The debate over those rights is far from over, but we cannot delay making our voices heard.

The new Act becomes law January 1st, but the section dealing with the protection of health information does not come into effect until the following year.

A number of national health organizations - representing doctors, dentists, hospitals, pharmacists and other professional and interest groups - have formed a working group to examine privacy issues related to health information.

I encourage patient representatives to be involved in this process.

One of the biggest threats to health information privacy comes from the drive to establish a national health info-structure. Projects such as establishing electronic patient records and expanding so-called "surveillance" activities are proceeding without adequate privacy protection.

Supporters of these initiatives say it they will be valuable tools for the promotion of good health. They say steps will be taken to protect privacy.

I am happy to hear that. But I get the impression the impact on privacy comes as a bit of an afterthought, rather than the fundamental design consideration it must be.

It does not matter whether our health information is revealed by accident or by intent. The result is the same.

Putting personal medical information from each and every one of us into one, easy-to-use database will only add to the temptation to juggle and sort it for purposes far beyond patient care.

If W.P. Kinsella had been writing about health information instead of baseball, he might well have said , "if you build it, they will think of uses for it you never imaginedz".

Patient groups would do well to examine these plans very carefully from a privacy perspective.

As I explained earlier, part of my role as Privacy Commissioner is to educate Canadians about their privacy rights, and to encourage them to be active participants in debating privacy issues.

Bringing Canadians into the debate over the privacy of health care information will be a strong focus of my office over the next year, as we approach the implementation of the new law as it applies to health care information as part of a larger focus on health information privacy in general.
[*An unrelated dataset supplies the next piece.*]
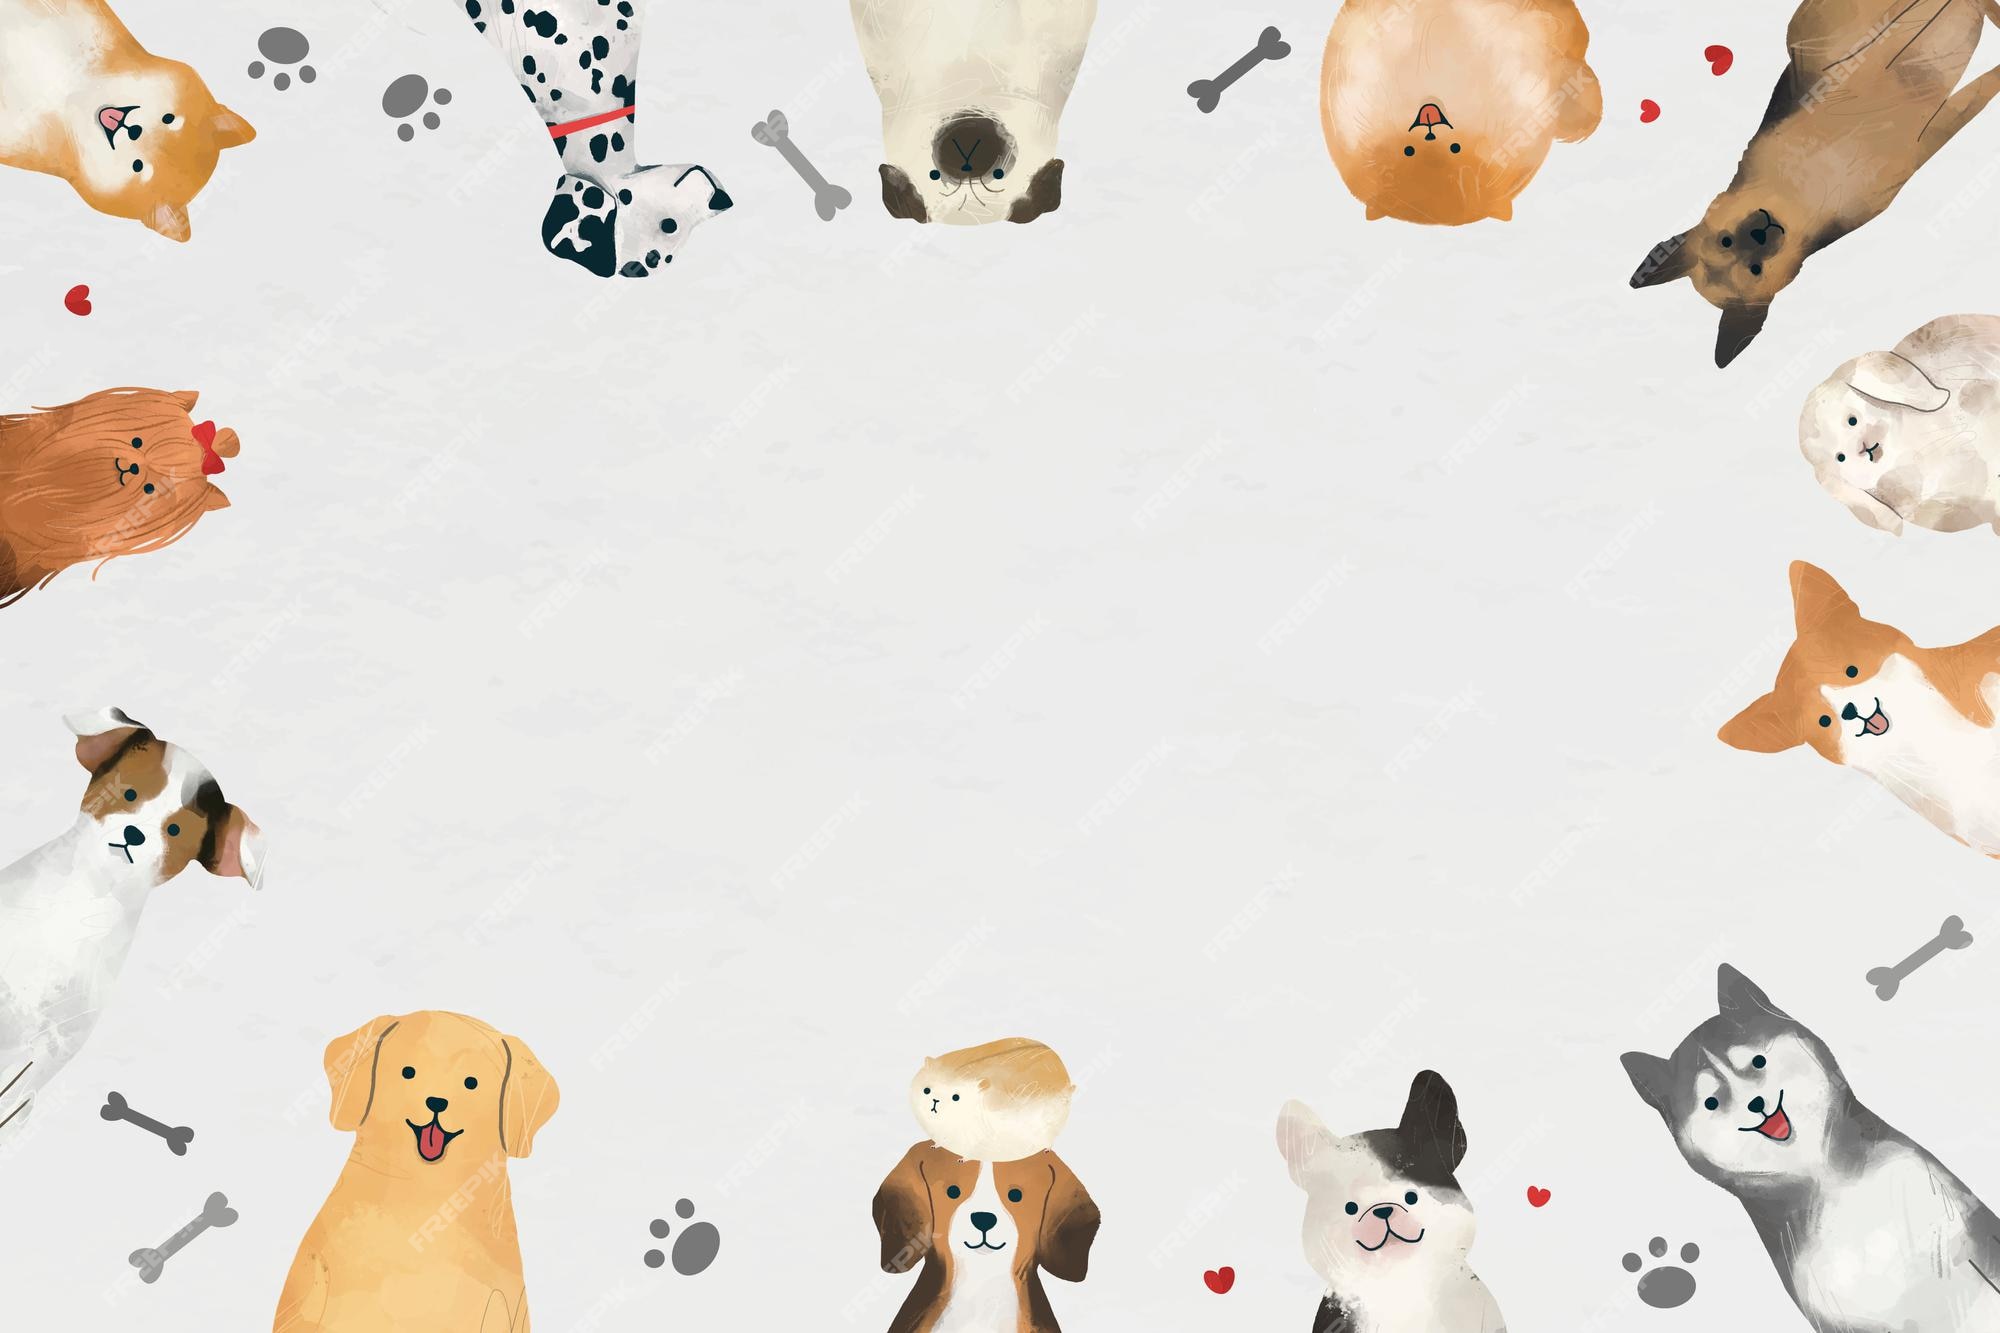 Pets Background Images - Free Download on Freepik

Before any of us we can play a meaningful part in the debate about where we go from here, we must be clear on exactly where "here" is.

As a first step, we have been asking the health sector for some time to improve the transparency of the flow of health information. Few patients are aware their health information is travelling well beyond the walls of their doctor's office already.

We have received little information to date. Our objective is to make all of the flows of information visible to patients. This applies especially to things like using patient information for research or patient registries - uses and disclosures not directly related to their care.

We have yet to see a great demand from the public for better control over personal health information. I am not surprised. I believe it is a direct result of how little knowledge patients have about the extent to which their private information is not as private as they might think.

Once we have that transparency in the health system, I think the public will develop a much more active interest in these issues.

I can assure you the Office of the Privacy Commissioner will take an active part in the debate. Our office will consult with experts in the health privacy field, and ensure their views are widely known.

We will be developing clear policies positions on a variety of health privacy issues. We want to make sure patient advocates have the tools they need to keep their constituencies informed on the issues, so those individuals can join the debate from a position of strength.

I also plan to maintain an ongoing dialogue with patient and consumer groups to obtain their input on these important questions firsthand. I must again commend the cma for having taken the lead in this area by putting this conference together.

This conference, and the follow-up meeting, are a vital part of the process of sharing and building knowledge and expertise. The protection of the individual's right to privacy is the cornerstone of a free, democratic society. I look forward in the years ahead to all of us working together to reinforce that cornerstone.

Thank you for your attention, and best wishes for a productive conference.